ZCAM app brings cryptographic proof to photos for KYC, fraud use cases

The ease and fidelity with which generative AI creates imagery has turned the veracity of what you see online into a slippery slope. The truthfulness of photography is not a new problem but a new app aims to establish cryptographic proof.
A pair of former Google Brain and Nvidia researchers have launched a new cryptographic camera system to prove whether a photo is genuine at the moment it is taken.
San Francisco–based cryptography startup Succinct has unveiled ZCAM, a free iOS camera app and developer SDK that embeds a cryptographic proof into every image at capture.
Alongside the app, Succinct is releasing a developer SDK that allows platforms to integrate provable image capture into their own workflows. The company notes in its announcement that potential applications include insurance claims, delivery confirmation, marketplace disputes, newsroom sourcing, age verification and expense reporting.
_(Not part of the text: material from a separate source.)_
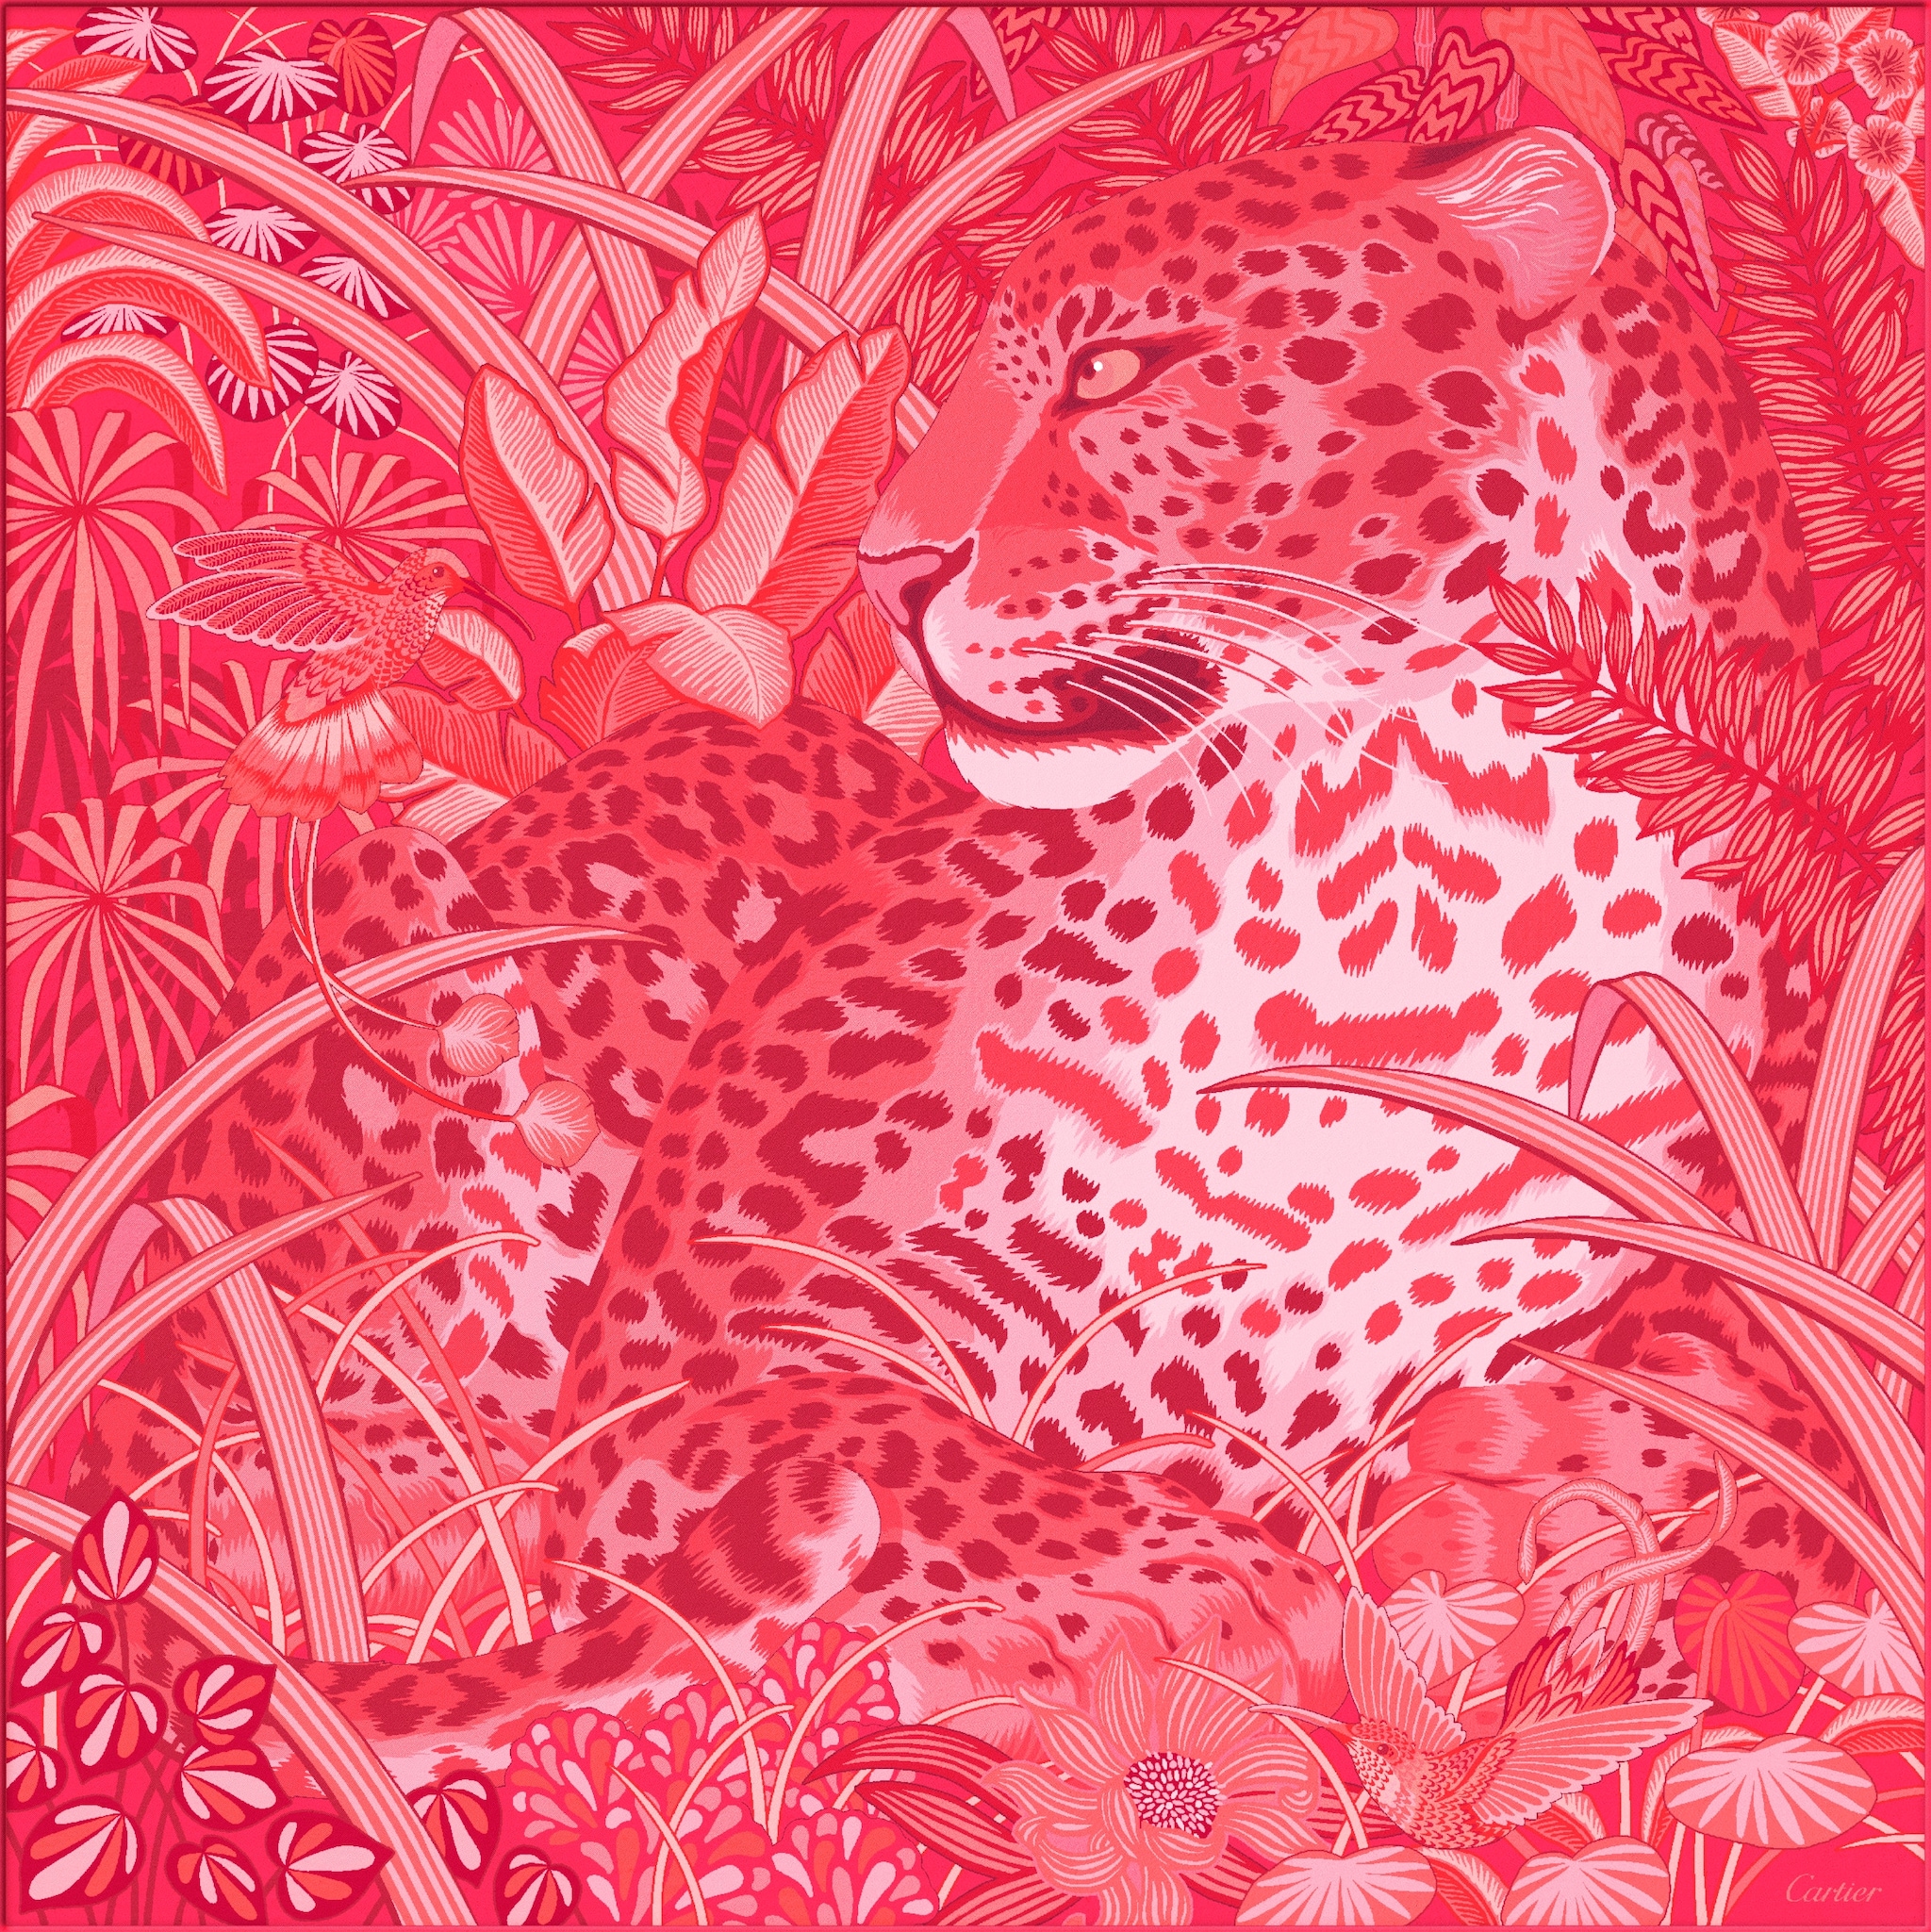 Panther in the Jungle 90 scarfCoral silk twill

The company points to recent incidents, such as a DoorDash driver banned for submitting an AI‑generated delivery photo, as examples of fraud the SDK could prevent.
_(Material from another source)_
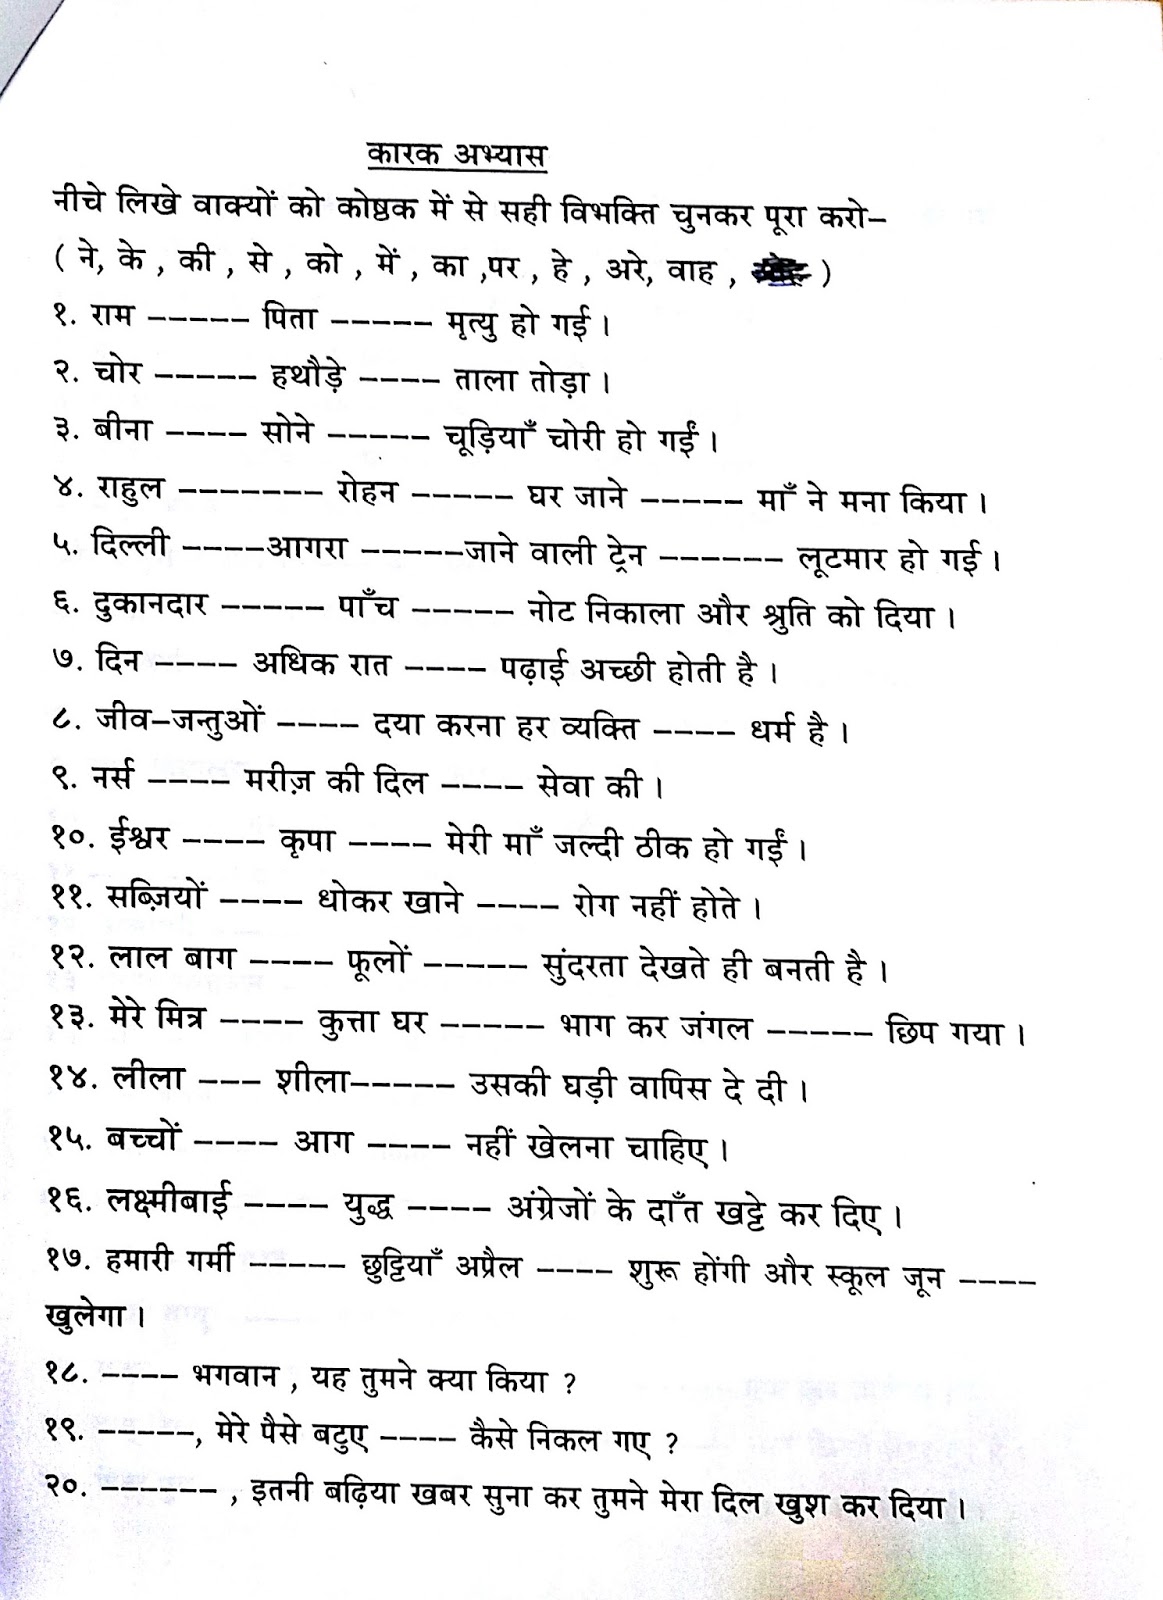 Hindi Grammar Work Sheet Collection For Classes 5 6 7 8 Cases Or Karak Work Sheets For

Fraudulent delivery driver accounts have also been a problem for the gig economy, despite delivery drivers having to complete biometric KYC checks.
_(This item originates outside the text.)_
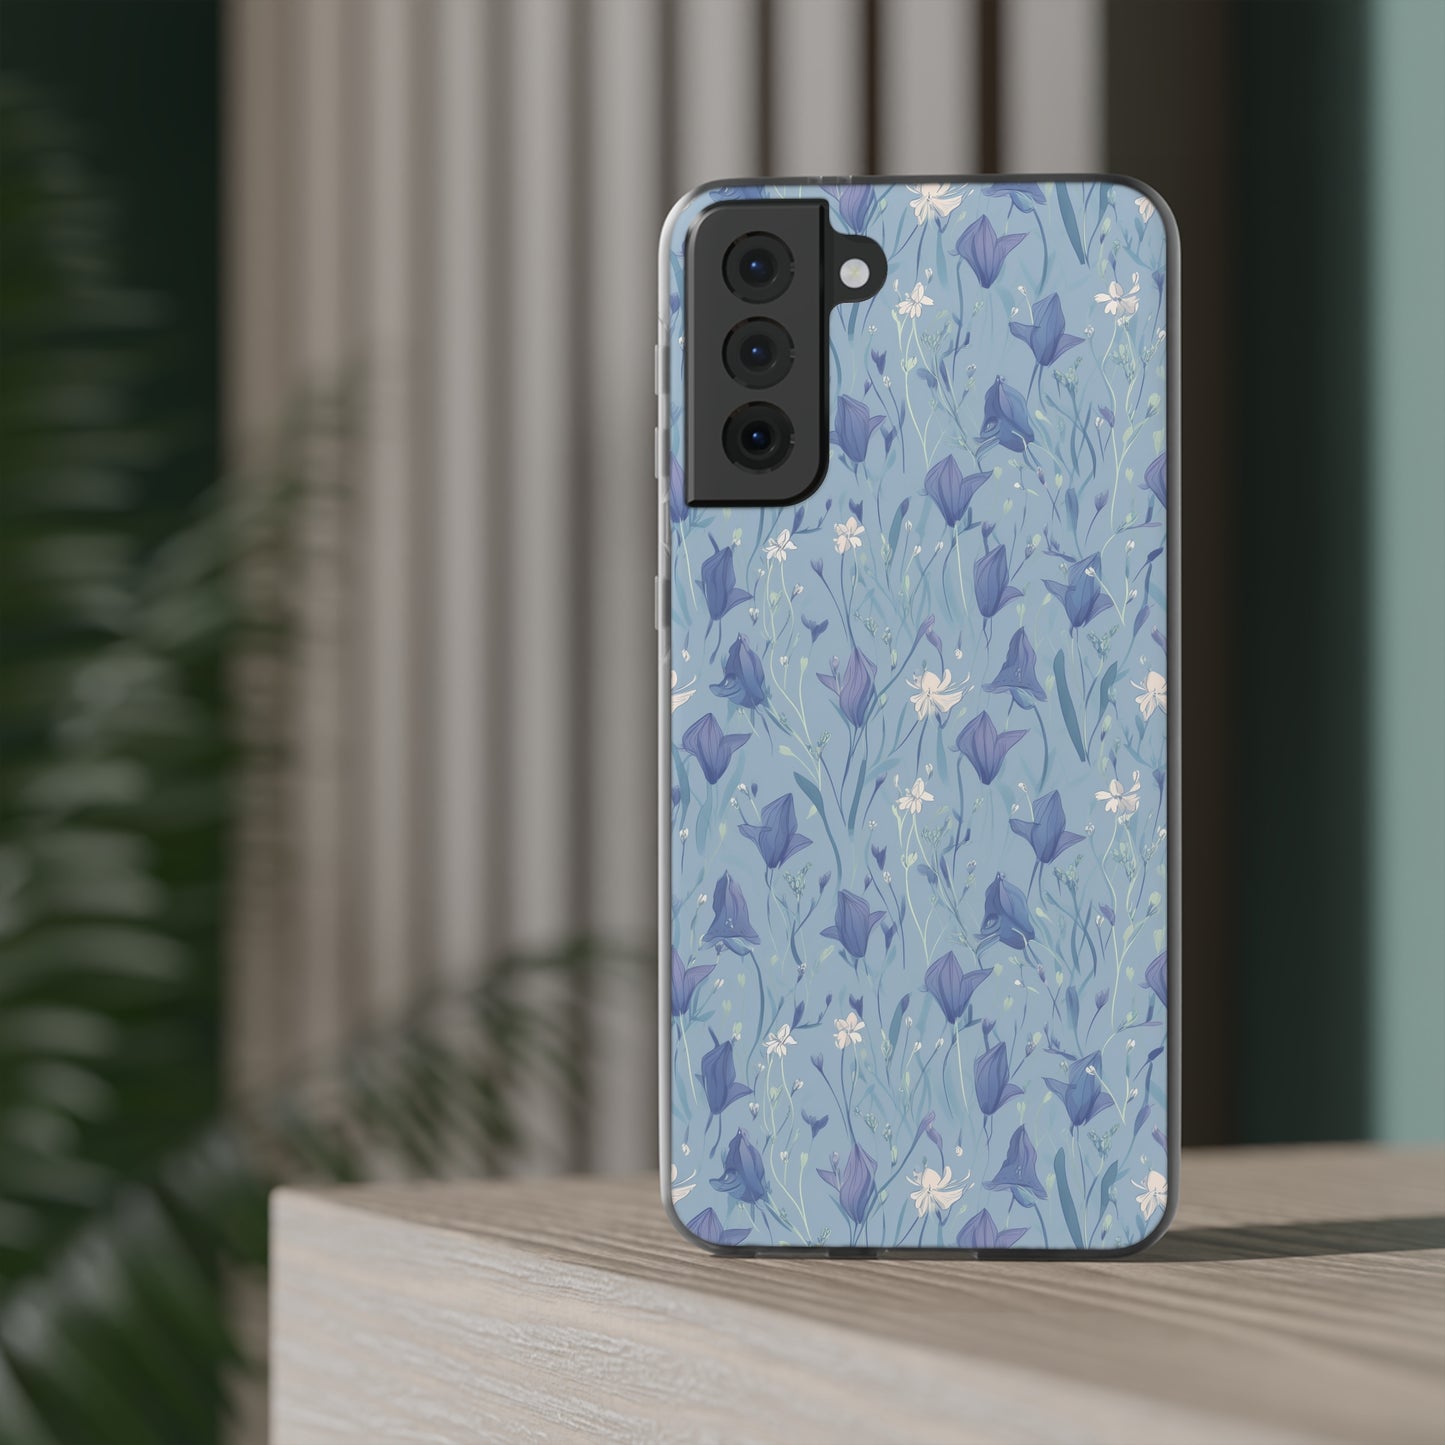 Enchanting Bluebell Harmony Phone Case - Captivating Floral Design - Spring Collection - Flexi Cases Phone Case Pattern Symphony Samsung Galaxy S21 Plus with gift packaging

This suggests another potentially major use case for Succint’s new cryptographic camera in taking trustworthy photographs that could provide protection against deepfakes and biometric injection attacks in KYC processes more generally.
Instagram head Adam Mosseri has publicly said cryptographic content signing will be necessary to address AI‑generated media. The EU AI Act’s draft Code of Practice, enforceable from August, calls for multilayered provenance systems that include cryptographic proofs embedded into content.
Succinct was founded by Uma Roy, a former Google Brain researcher who trained large language and generative AI systems, and John Guibas, a former Nvidia engineer who worked on foundation models.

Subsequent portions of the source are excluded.